Saturday, March 8, 2014
By Steve Mistler email@example.com
State House Bureau
If you haven’t already bought that big-screen TV for football season or relaxed in a bed-and-breakfast in Camden or gone out to that fancy restaurant you’ve been dying to try, you’re going to pay a price for waiting.
Hi-Hat waitress Caitlyn Laflin, right, gives customers change Monday on the eve of increases in meals, lodging and sales taxes in Maine. Meals and lodging taxes will increase from 7 percent to 8 percent and the sales tax will rise to 5.5 percent from 5 percent.
Andy Molloy/Kennebec Journal
State taxes on all of those things just went up, effective today.
Maine’s general sales tax increased from 5 percent to 5.5 percent. The tax on meals and lodging went from 7 percent to 8 percent. And periodicals, including newspapers, became taxable for the first time, which means a paper or a magazine will cost 5.5 percent more.
The increases were approved by lawmakers in June as they looked for ways to add revenue and balance the state’s two-year budget. The $6.3 billion budget, including the tax increases, was a compromise between Democrats and some Republicans whose votes were needed to override a veto by Gov. Paul LePage.

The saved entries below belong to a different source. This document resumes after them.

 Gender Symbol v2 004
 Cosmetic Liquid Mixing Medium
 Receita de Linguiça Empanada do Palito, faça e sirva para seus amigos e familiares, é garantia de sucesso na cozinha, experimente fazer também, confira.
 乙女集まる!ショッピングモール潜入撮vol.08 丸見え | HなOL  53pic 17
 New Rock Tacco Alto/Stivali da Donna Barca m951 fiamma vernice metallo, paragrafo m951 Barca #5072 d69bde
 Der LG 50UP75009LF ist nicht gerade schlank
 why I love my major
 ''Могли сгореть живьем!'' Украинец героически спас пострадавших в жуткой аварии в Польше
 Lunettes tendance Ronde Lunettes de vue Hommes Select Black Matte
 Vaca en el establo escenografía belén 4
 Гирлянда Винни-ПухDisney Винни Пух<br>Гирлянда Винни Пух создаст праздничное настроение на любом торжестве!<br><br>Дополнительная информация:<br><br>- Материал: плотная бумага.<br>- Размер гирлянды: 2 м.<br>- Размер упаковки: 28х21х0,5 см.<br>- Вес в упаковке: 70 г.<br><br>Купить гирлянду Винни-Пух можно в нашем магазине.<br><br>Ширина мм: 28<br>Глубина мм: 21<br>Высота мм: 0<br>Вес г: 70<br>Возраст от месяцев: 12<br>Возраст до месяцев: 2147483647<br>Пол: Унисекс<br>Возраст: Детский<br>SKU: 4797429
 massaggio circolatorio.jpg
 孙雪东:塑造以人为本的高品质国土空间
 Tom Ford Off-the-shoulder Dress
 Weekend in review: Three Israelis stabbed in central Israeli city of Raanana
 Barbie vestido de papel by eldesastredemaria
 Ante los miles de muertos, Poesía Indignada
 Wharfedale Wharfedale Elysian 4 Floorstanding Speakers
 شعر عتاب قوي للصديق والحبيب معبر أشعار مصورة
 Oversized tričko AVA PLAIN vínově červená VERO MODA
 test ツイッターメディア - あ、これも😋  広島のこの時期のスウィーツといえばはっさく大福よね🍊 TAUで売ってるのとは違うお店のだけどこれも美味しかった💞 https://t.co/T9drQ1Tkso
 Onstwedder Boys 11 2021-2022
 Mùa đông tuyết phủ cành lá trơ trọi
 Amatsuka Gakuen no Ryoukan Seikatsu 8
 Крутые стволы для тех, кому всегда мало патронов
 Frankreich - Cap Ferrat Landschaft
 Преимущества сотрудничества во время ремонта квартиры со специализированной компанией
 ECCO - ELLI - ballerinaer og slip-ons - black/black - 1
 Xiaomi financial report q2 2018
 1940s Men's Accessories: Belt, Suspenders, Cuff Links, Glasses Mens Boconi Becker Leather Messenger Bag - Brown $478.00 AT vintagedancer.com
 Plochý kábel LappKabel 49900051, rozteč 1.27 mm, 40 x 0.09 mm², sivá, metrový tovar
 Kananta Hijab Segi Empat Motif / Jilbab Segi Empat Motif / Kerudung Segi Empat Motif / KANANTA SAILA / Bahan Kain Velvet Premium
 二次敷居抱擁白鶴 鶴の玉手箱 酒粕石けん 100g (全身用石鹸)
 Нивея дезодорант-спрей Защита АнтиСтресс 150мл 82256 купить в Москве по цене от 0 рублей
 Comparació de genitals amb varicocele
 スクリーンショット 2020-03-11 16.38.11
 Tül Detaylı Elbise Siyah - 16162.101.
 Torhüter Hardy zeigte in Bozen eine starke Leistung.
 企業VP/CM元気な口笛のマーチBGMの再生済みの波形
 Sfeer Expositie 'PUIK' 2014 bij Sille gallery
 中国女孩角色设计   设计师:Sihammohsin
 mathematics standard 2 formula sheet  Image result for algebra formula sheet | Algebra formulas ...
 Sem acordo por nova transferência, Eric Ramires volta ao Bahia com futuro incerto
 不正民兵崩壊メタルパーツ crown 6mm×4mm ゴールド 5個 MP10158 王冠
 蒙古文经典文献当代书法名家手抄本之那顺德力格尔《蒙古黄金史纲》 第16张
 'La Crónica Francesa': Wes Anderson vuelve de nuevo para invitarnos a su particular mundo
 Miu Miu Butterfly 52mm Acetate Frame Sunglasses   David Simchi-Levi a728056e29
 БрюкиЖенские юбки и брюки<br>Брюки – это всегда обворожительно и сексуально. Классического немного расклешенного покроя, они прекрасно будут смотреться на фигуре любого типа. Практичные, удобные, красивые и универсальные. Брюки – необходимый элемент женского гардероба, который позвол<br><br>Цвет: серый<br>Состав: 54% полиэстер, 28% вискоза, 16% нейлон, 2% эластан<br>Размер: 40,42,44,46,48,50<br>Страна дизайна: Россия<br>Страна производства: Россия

Representatives of the industries most affected by the increases said Monday that they are prepared to collect the higher taxes – and hoping that they don’t push consumers over the edge.
“For most people, the total cost is the most important thing,” said Chip Gray, general manager of the Harraseeket Inn in Freeport. “One percent doesn’t sound like a lot, but whoever has the best deal often gets the business. Is that one percent the tipping point? I don’t know.”
For many individual purchases, consumers may not notice the changes. For a $1,000 television or computer, it will mean an extra $5 in sales tax. On a $50 restaurant bill, it will mean an extra 50 cents. For a $200 hotel room, it will mean an additional $2.
“But over a year’s worth of purchases, it adds up,” said Curtis Picard, executive director of the Retail Association of Maine.
“Obviously, the impact will be greater on big-ticket items,” said Picard, who bought a used car last weekend to avoid the additional $80 to $100 in taxes he would have paid this week.
Dick Grotton, director of the Maine Restaurant Association, said his group plans to keep a close eye on how restaurants are affected by the higher meals-and-lodging tax. He said it may not keep diners at home, but it might make them think twice before ordering dessert, or a drink. It also might make them drop their tip to 15 percent from 20 percent, he said.
“The two good things about this increase are that it didn’t start on July 1, in the middle of tourist season, and that it has a sunset provision,” he said.
The sales tax and meals-and-lodging tax increases were passed as a temporary measure that is scheduled to expire in June 2015.
But not everyone is convinced that the increases will be temporary. Gray said he will be “stunned” if they aren’t made permanent.
“Income taxes were supposed to be temporary, too,” he said.
Except for New Hampshire, which has no sales tax, Maine has the lowest sales tax rate in New England, even with the bump to 5.5 percent. The new 8 percent meals-and-lodging tax is still lower than the 9 percent in New Hampshire and Vermont.
However, Greg Dugal of the Maine Innkeepers Association said many hotels, motels and bed-and-breakfasts have avoided rate increases in many years to stay competitive. He said they are operating on thin margins.
“I understand the Legislature had to do something at the 11th hour, but we’ll have to push hard to make sure the increases stay temporary,” Dugal said.
In addition to the tax increases, consumers will see a new tax of 5.5 percent on newspapers and other periodicals. A $1 paper will cost $1.06, and a $2.50 Sunday newspaper will cost $2.64, after taxes. The lifting of that longstanding tax exemption will provide Maine an extra $5.9 million over the next two years.